* **Provided material**
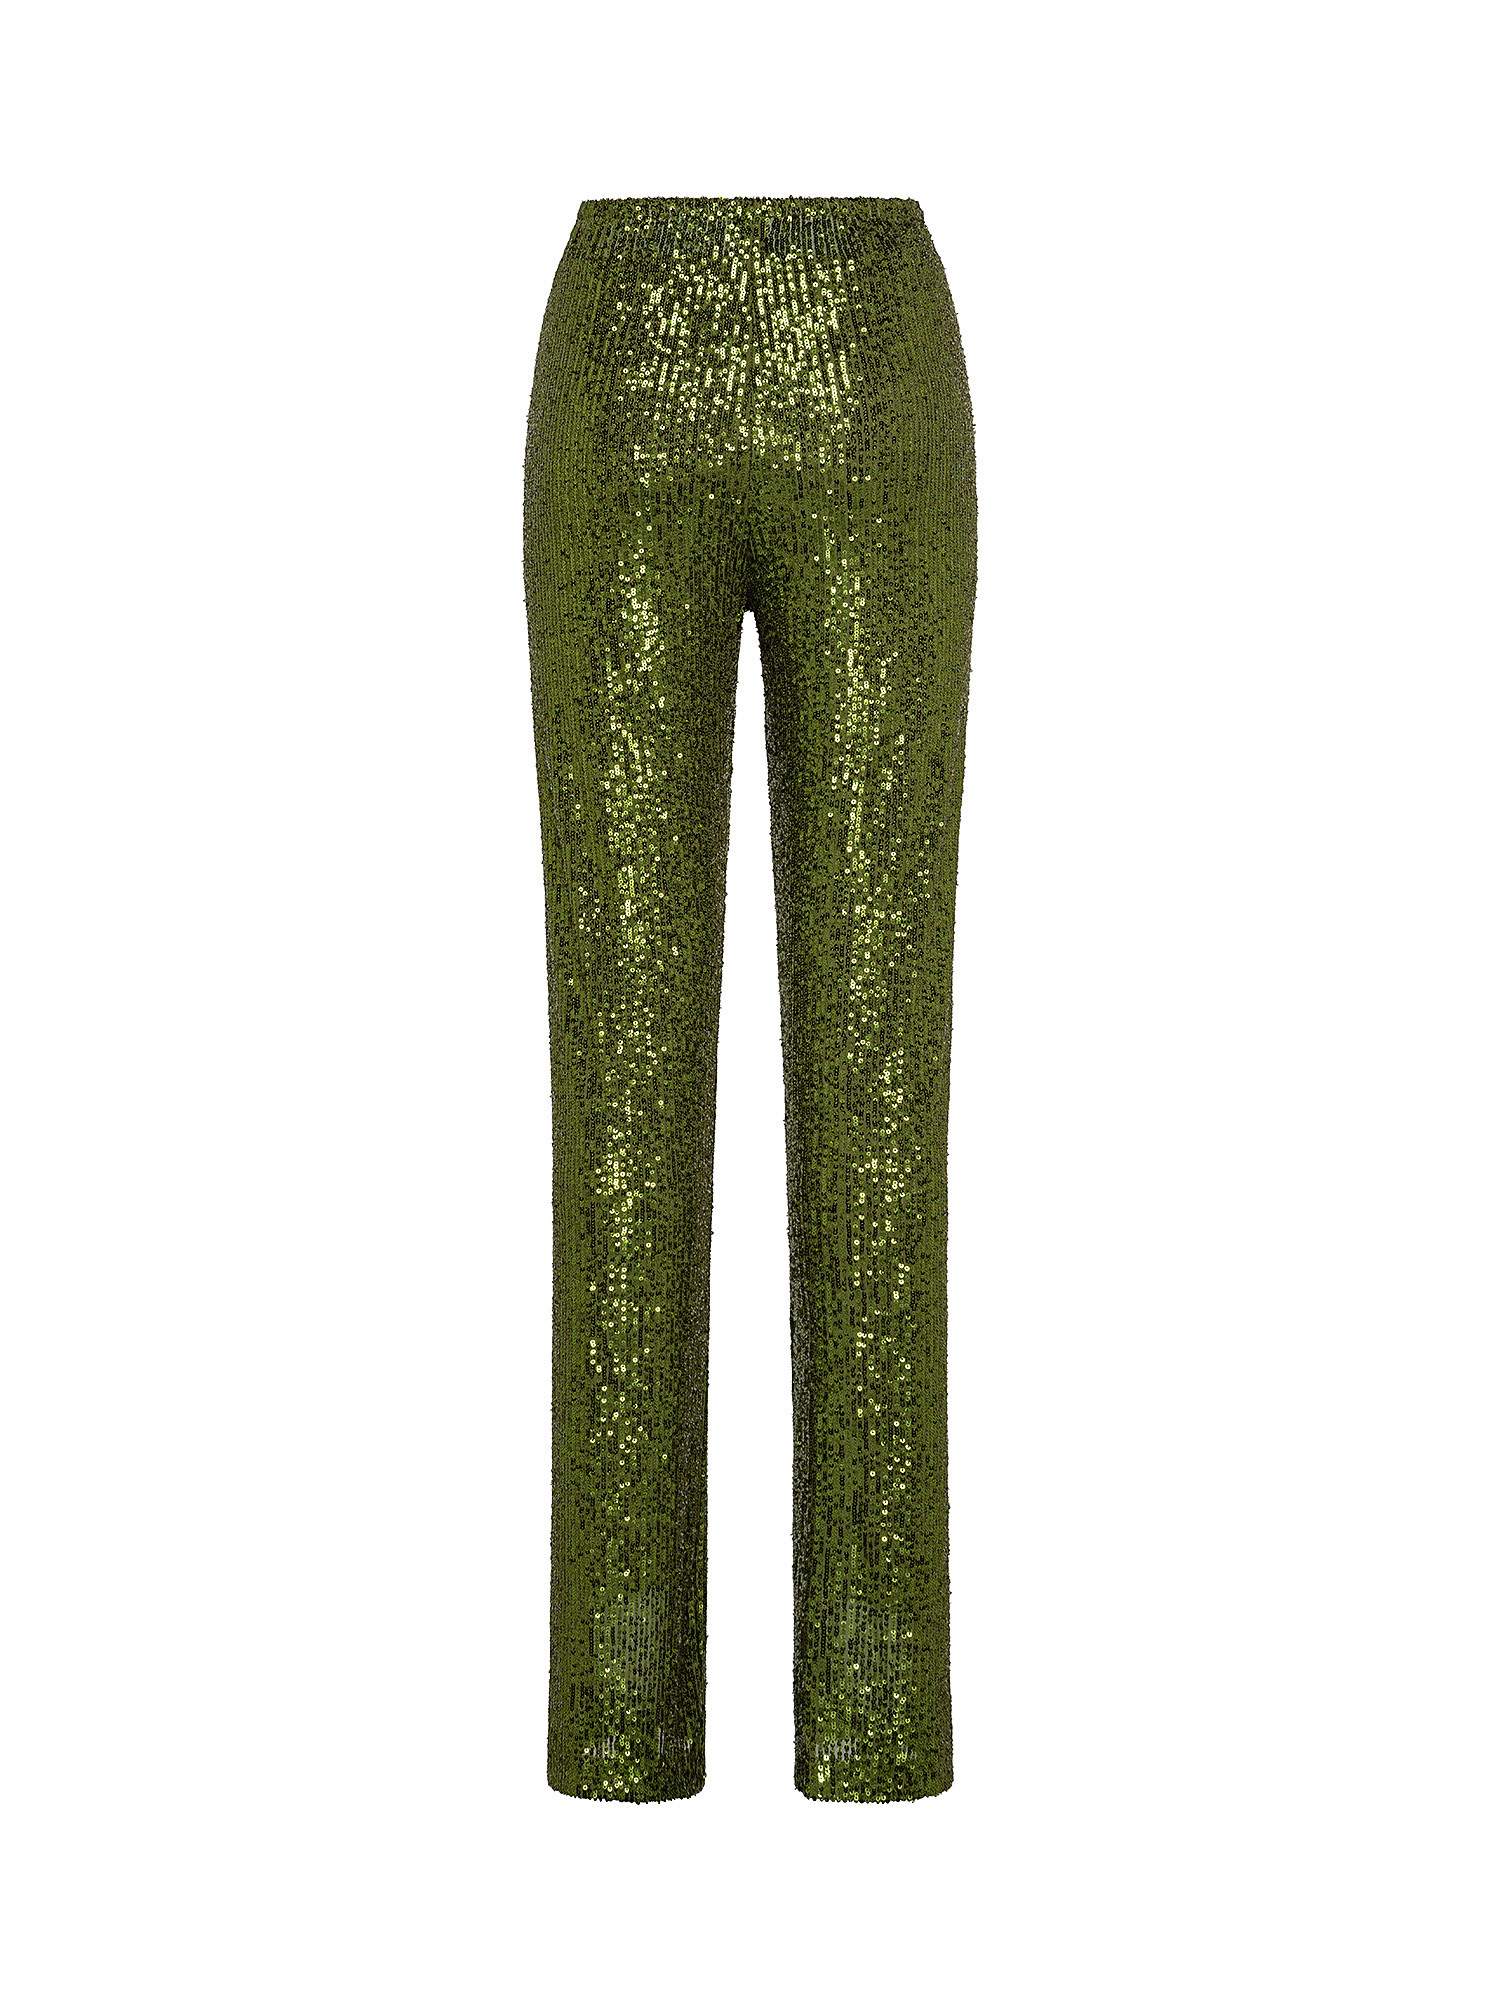 Pantalone con paillettes, Verde, large image number 1
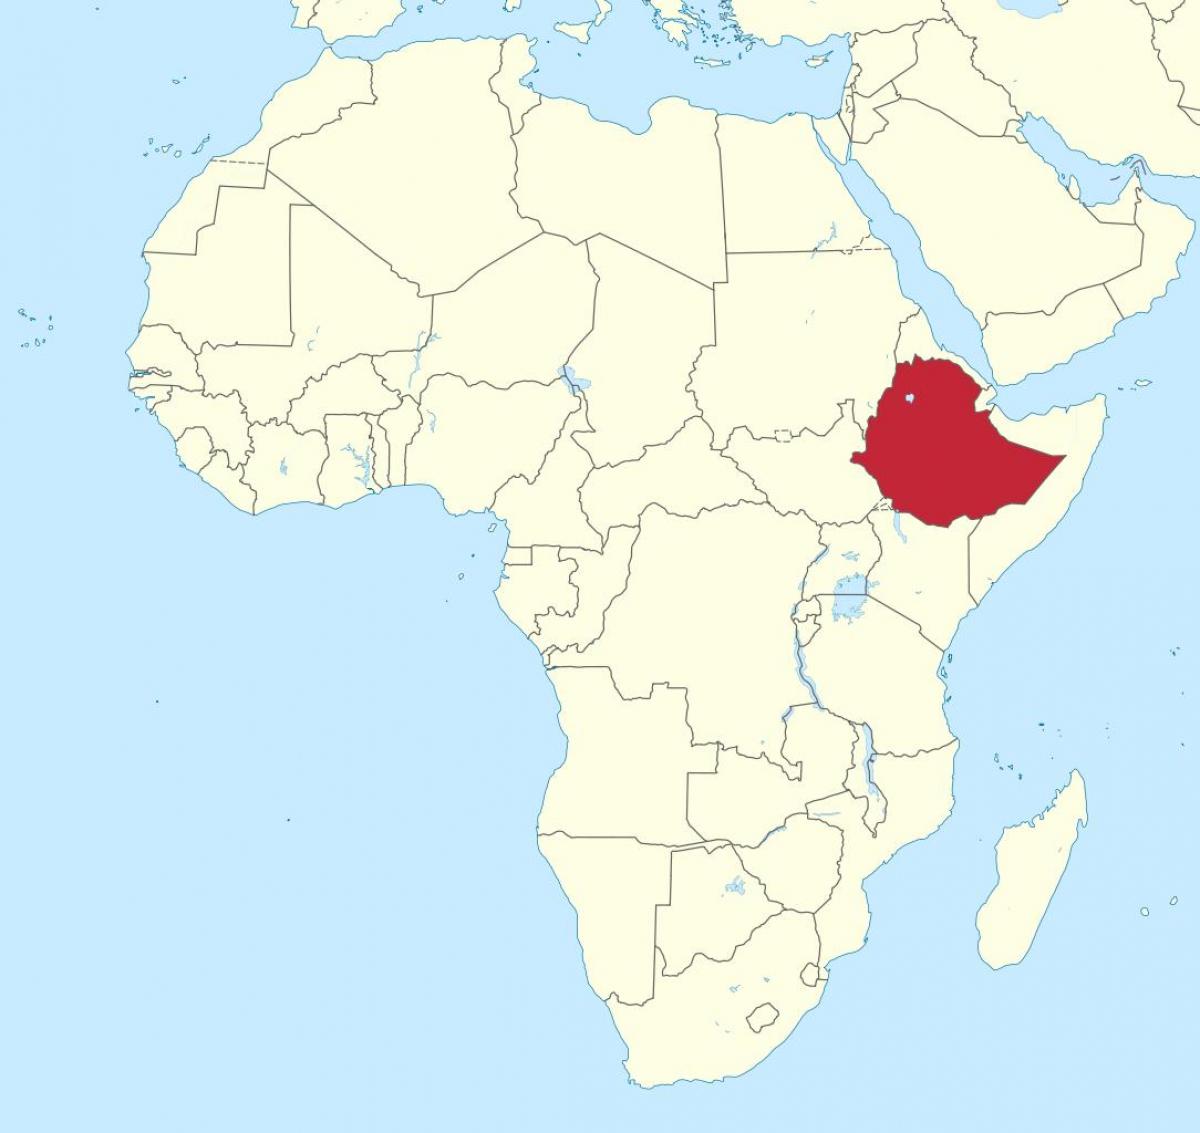 નકશો આફ્રિકા દર્શાવે છે, ઇથોપિયા
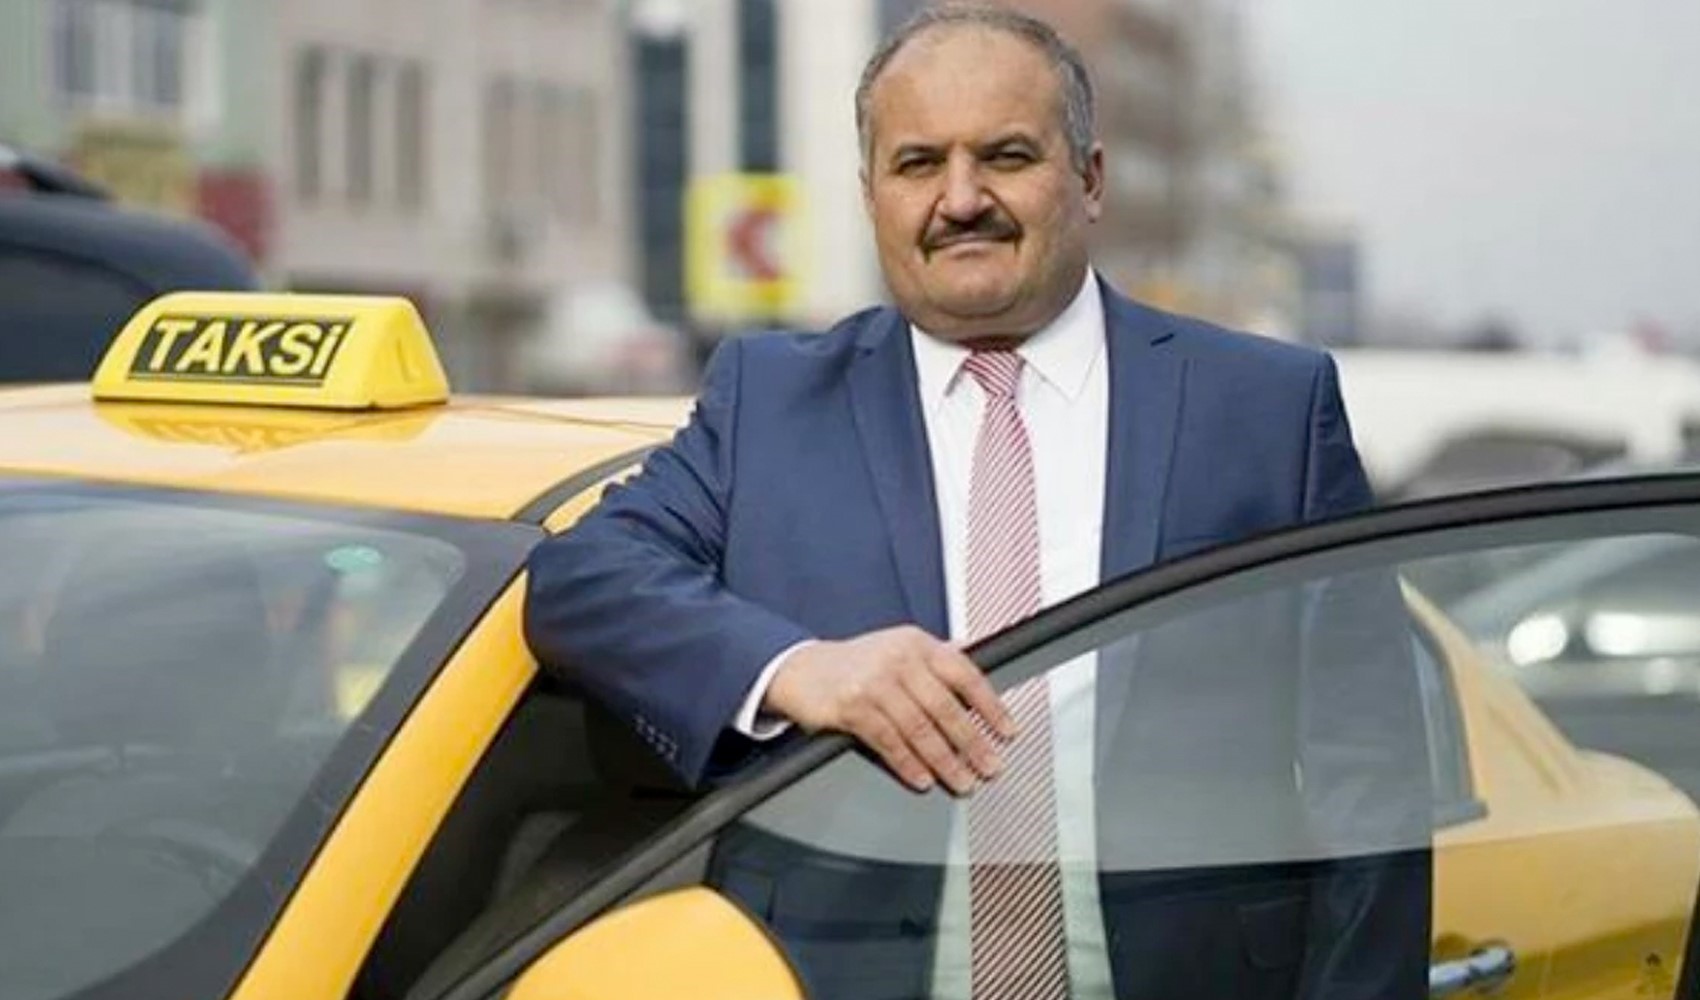 Eyüp Aksu taksicilere seslendi: Taksimetreleri kurun, geliyor Murat Kurum

* **Exercise aim**
Print every line of the material exactly as written, but drop the pictures.

* **Exercise result**
 Pantalone con paillettes, Verde, large image number 1
 નકશો આફ્રિકા દર્શાવે છે, ઇથોપિયા
 Eyüp Aksu taksicilere seslendi: Taksimetreleri kurun, geliyor Murat Kurum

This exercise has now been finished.